Arrhythmias - Atrial flutter (Aflutter): Nursing

Atrial flutter, or AF for short, is a type of tachyarrhythmia, where tachy means fast, and arrhythmia means irregular rhythm. So AF is a fast, abnormal heart rhythm that causes poor, inefficient atrial contractions, which can affect the heart’s ability to pump blood. It’s called flutter because of its identifiable recurring, regular, sawtooth-shaped flutter waves that can be seen on an ECG.

Now let’s look at the normal electrical conduction pathway in the heart on an ECG, which shows how the depolarization wave flows through the heart during each heartbeat. The normal electrical activity of the heart starts in the sinoatrial or SA node, which is considered the pacemaker of the heart. Then, the impulse is conducted through the atrium, creating the P wave on an ECG.

And when the atrial muscle cells get depolarized, they contract, pushing blood from the atria into the ventricles.

From the atrium, electrical activity goes to the atrioventricular, or AV node, where the impulse propagation speed slows way down; this is the PR interval on an ECG. This pause allows the atria to contract while the ventricles fill with blood.

From the AV node, the depolarization wave goes through the Bundle of His, then the right and left branches of the Bundle, and finally through the Purkinje fibers, which deliver the current to the right and left ventricles, causing them to depolarize.

This triggers simultaneous contraction of both ventricles, pushing blood into the systemic and pulmonary circulations, and it’s represented by the QRS complex on an ECG.

Finally, the ventricles repolarize to prepare for the next cycle, which allows them to relax and fill with blood, called diastole. And on ECG, ventricular repolarization will create a T wave, while the pause between ventricular depolarization and repolarization is represented by the ST segment. Sometimes, immediately after the T wave, there’s a U wave, which represents late repolarization of the ventricles.

Now, the main cause of an atrial flutter is the occurrence of a reentry mechanism, which means an abnormal electrical circuit that forms in the atria, which makes the electrical impulse travel in a loop within the atria, instead of going to the AV node like it normally would.

Risk factors include advanced age; underlying cardiovascular disease like hypertension or cardiac surgery; diabetes; or a history of alcohol abuse, pulmonary embolism or hyperthyroidism. Interestingly, atrial flutter can also occur following the conversion of atrial fibrillation to normal sinus rhythm. In fact clients taking antiarrhythmics for other conditions can also develop atrial flutter.

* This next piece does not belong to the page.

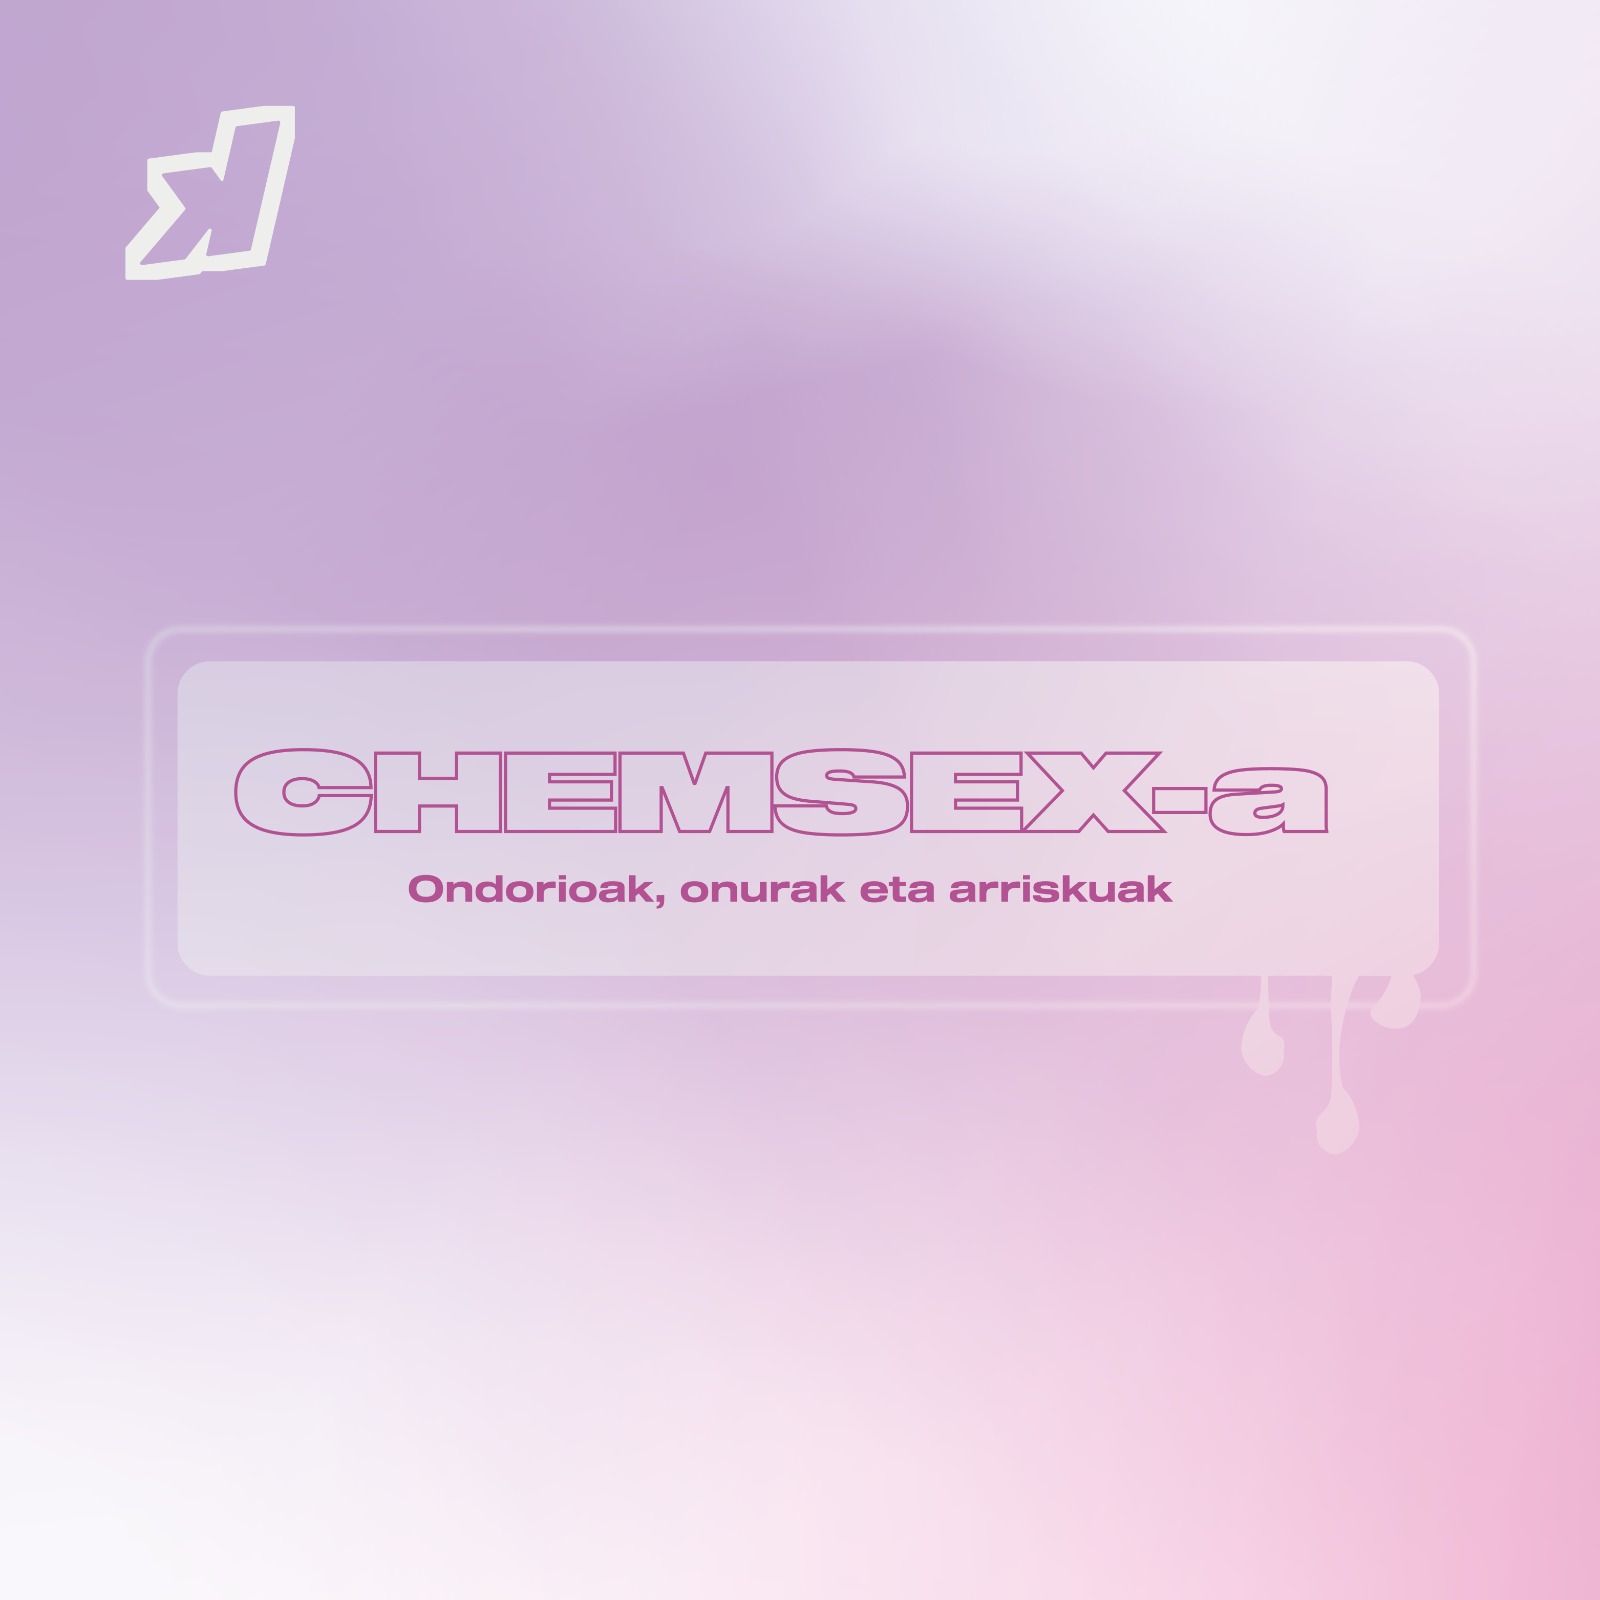 HEZE – CHEMSEX-A

Now, the pathology of atrial flutter starts with a reentrant loop that can originate in either the right or left atrium. Reentrant signals loop back on themselves, overriding the sinus node and setting up an endless cycle that causes the atria to contract again and again and again—at really fast rates.

There are actually two types of atrial flutter, depending on how this reentrant circuit arises. Type 1, or typical atrial flutter, is more common and is caused by a single reentrant circuit that moves around the annulus, or the ring of the tricuspid valve of the right atrium. See, around this area, there’s a stretch of tissue called the cavotricuspid isthmus, that propagates the signal more slowly than the surrounding tissue. Tissue that was just activated can’t be activated again until a certain amount of time has passed, which is called the refractory period; so that slow propagation gives the tissue enough time to be out of refractory, and therefore the circuit can loop on itself.

Type 2 or atypical atrial flutter is where a re-entrant circuit develops in either the right or left atrium, but the exact location is less clearly defined. Again though we’ve got a similar setup where a wave of activated tissue, or depolarization hits a bit of tissue in such a way that it creates a loop of depolarization that keeps going around and around.

Regardless of type, with atrial flutter, the atria contract inefficiently. This means that the ventricles get less blood from the atria, and they also contract at a lesser rate, which decreases cardiac output. Eventually, the inefficient emptying of the atria into the ventricles can cause the blood to stay in the atria for longer than normal, so it can form atrial clots. So with atrial flutter, there’s a chance that one of these clots can get pumped from the atria into the ventricles, and from there, into the circulation. From there, the clot can get lodged in a cerebral artery, causing a stroke; in a pulmonary artery branch, causing a pulmonary embolism; or in a coronary artery that supplies the myocardial muscle, causing a myocardial infarction.

Clients with atrial flutter may be asymptomatic, but when a client is symptomatic, clinical manifestations include palpitations, fatigue, mild dyspnea, syncope or lightheadedness, tachycardia, and diaphoresis.

Additionally, if a clot leaves the heart and gets lodged in another artery, manifestations depend on the localization. With a stroke, there could be confusion, slurred speech, and unilateral weakness or paralysis of the face or limbs; with a pulmonary embolism, there might be dyspnea and chest pain; and with a myocardial infarction, there could be severe chest pain that radiates, most commonly to the left arm.

The diagnosis of atrial flutter starts with the client's history and physical assessment, followed by cardiac monitoring using an electrocardiogram or a Holter monitor, which is basically a portable ECG that records for a 24-hour period.